Виновато улыбнувшись, словно в том была и её вина, Нина утвердительно кивнула.

— Значит, тихо звучало! — на весь буфет заявил Романов.

После чего решительно поднялся на ноги. Швырнул на стойку бара пятисотрублевую купюру и, взяв Нину за руку, предложил как можно быстрее покинуть это дурацкое место.

Остаток вечера Романов с Ниной провели вместе. Оставив машину на привокзальной стоянке, они медленно гуляли по городу, разговаривали, вспоминали время, проведенное в деревне, общих знакомых и самих себя — молодых, беззаботных, счастливых…

Во время разговора Романов внезапно поймал себя на мысли о том, что Нина уже не кажется ему обнищавшей аристократкой, скрывающей за ярким макияжем свой истинный возраст. Больше того, в какой-то момент он снова увидел в ней ту симпатичную девчонку, которая в темной деревенской бане на пропахшем сыростью полоке не побоялась, а главное, не постеснялась дать то, чего он — пятнадцатилетний мальчишка — так страстно желал — женскую ласку.

Нина остановилась у подъезда невысокого двухэтажного дома с облупленным желтым фасадом и остроконечной крышей. Продолжая начатый разговор о прожитом, сказала, что событий — как хороших, так и плохих — за эти годы произошло с ней столько, что не поместятся ни в одну самую толстую книгу.

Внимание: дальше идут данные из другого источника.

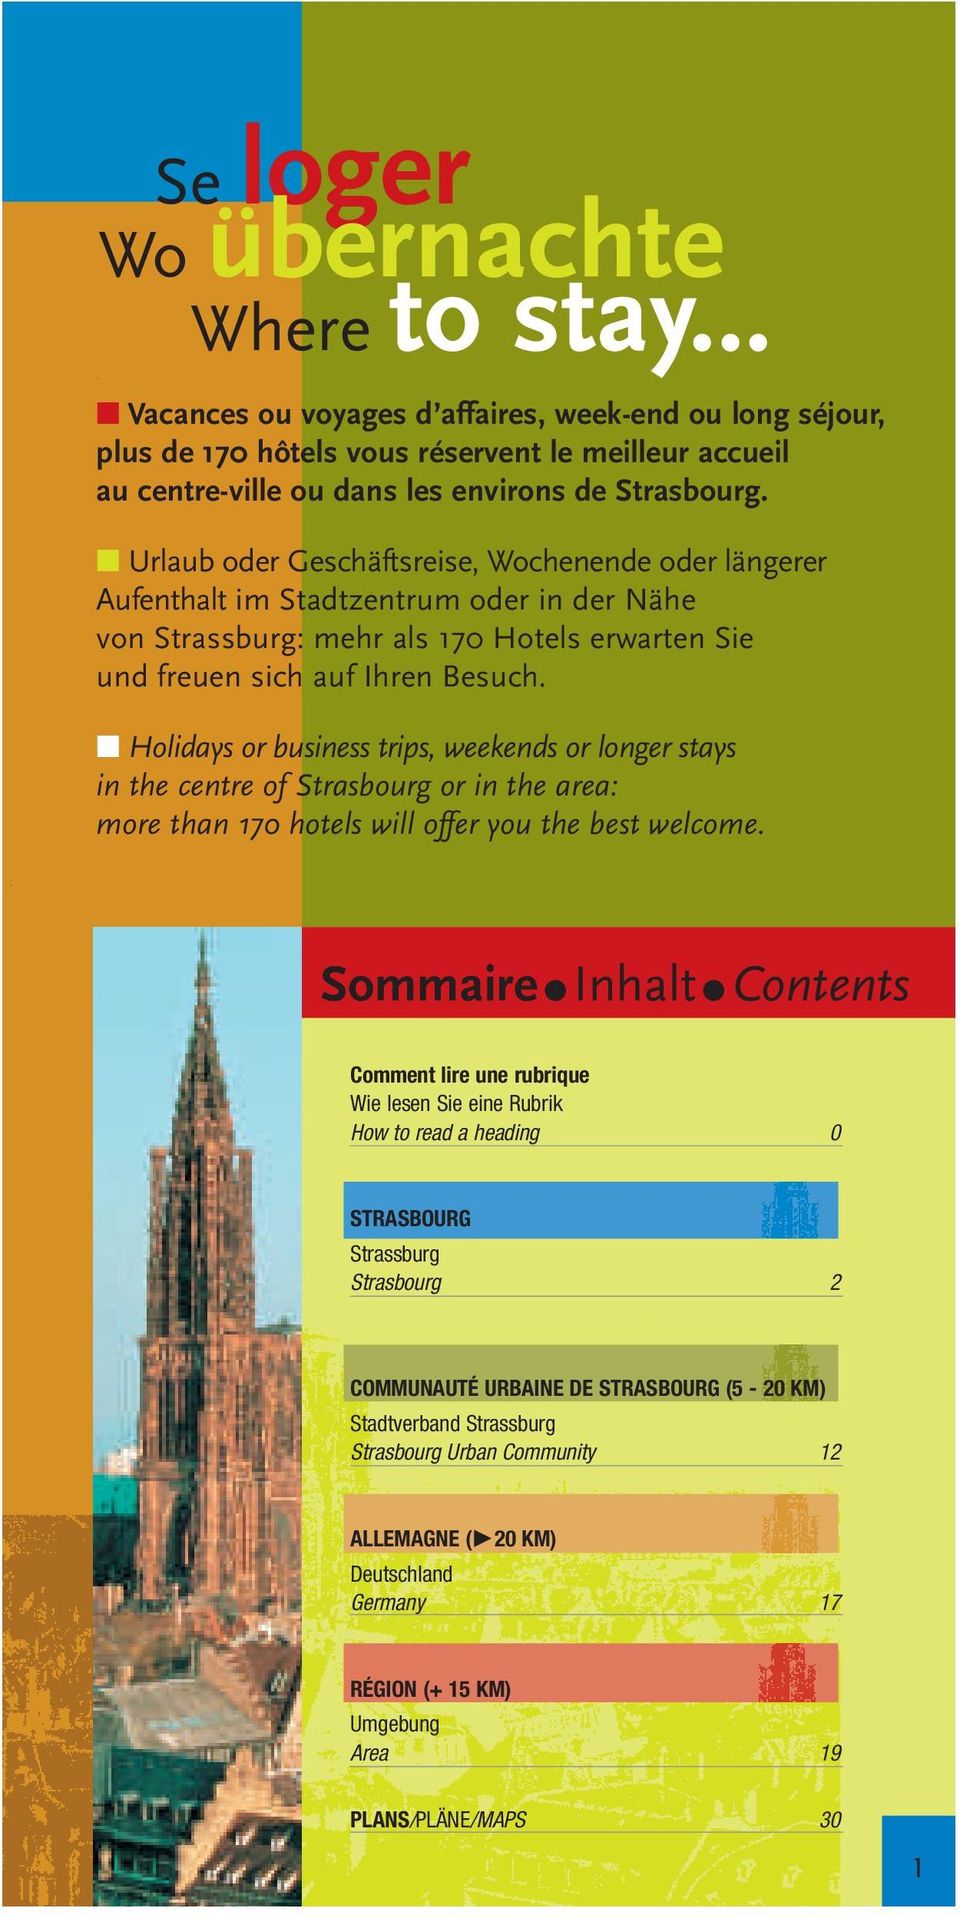 Urlaub oder Geschäftsreise, Wochenende oder längerer Aufenthalt im Stadtzentrum oder in der Nähe von Strassburg: mehr als 170 Hotels erwarten Sie und freuen sich auf Ihren Besuch.

— И у меня та же фигня, — стараясь унять охватившее его волнение, сказал Романов. — Только плохих событий произошло со мной почему-то гораздо больше, чем хороших.

— Я знаю.

— Откуда?

— Я следила за тобой. Читала, что про тебя писали в газетах, слушала, что говорили люди, где-то сама домысливала…

— Зачем?

Нина пожала плечами. Сказала, что он единственный из ее детских знакомых, кто мог стать известным человеком, и стал им.

— Вот я и следила… Сначала, чтобы не упустить того момента, когда это произойдет, потом просто так, по привычке. Мы ж, Романовы, все-таки не чужие друг другу.

Романов подошел к ней вплотную. Обнял за талию и, снисходительно улыбнувшись, так, словно был уверен в том, что всё, что ни сделает, будет с благодарностью принято, спросил:

— А кто я тебе? Конкретней, пожалуйста.

Нина уперлась ладонями ему в грудь.

— Никто, — прошептала она. — Пусти.

— Не пущу.

С этими словами Романов еще крепче прижал к себе. Наклонил голову и принялся искать губами ее лицо.

Со словами:"Да отпусти же ты!", Нина вырвалась из его объятий. Потом сама обняла руками за шею и, поцеловав в лоб, оттолкнула.

— И в следующий раз больше так не поступай, хорошо?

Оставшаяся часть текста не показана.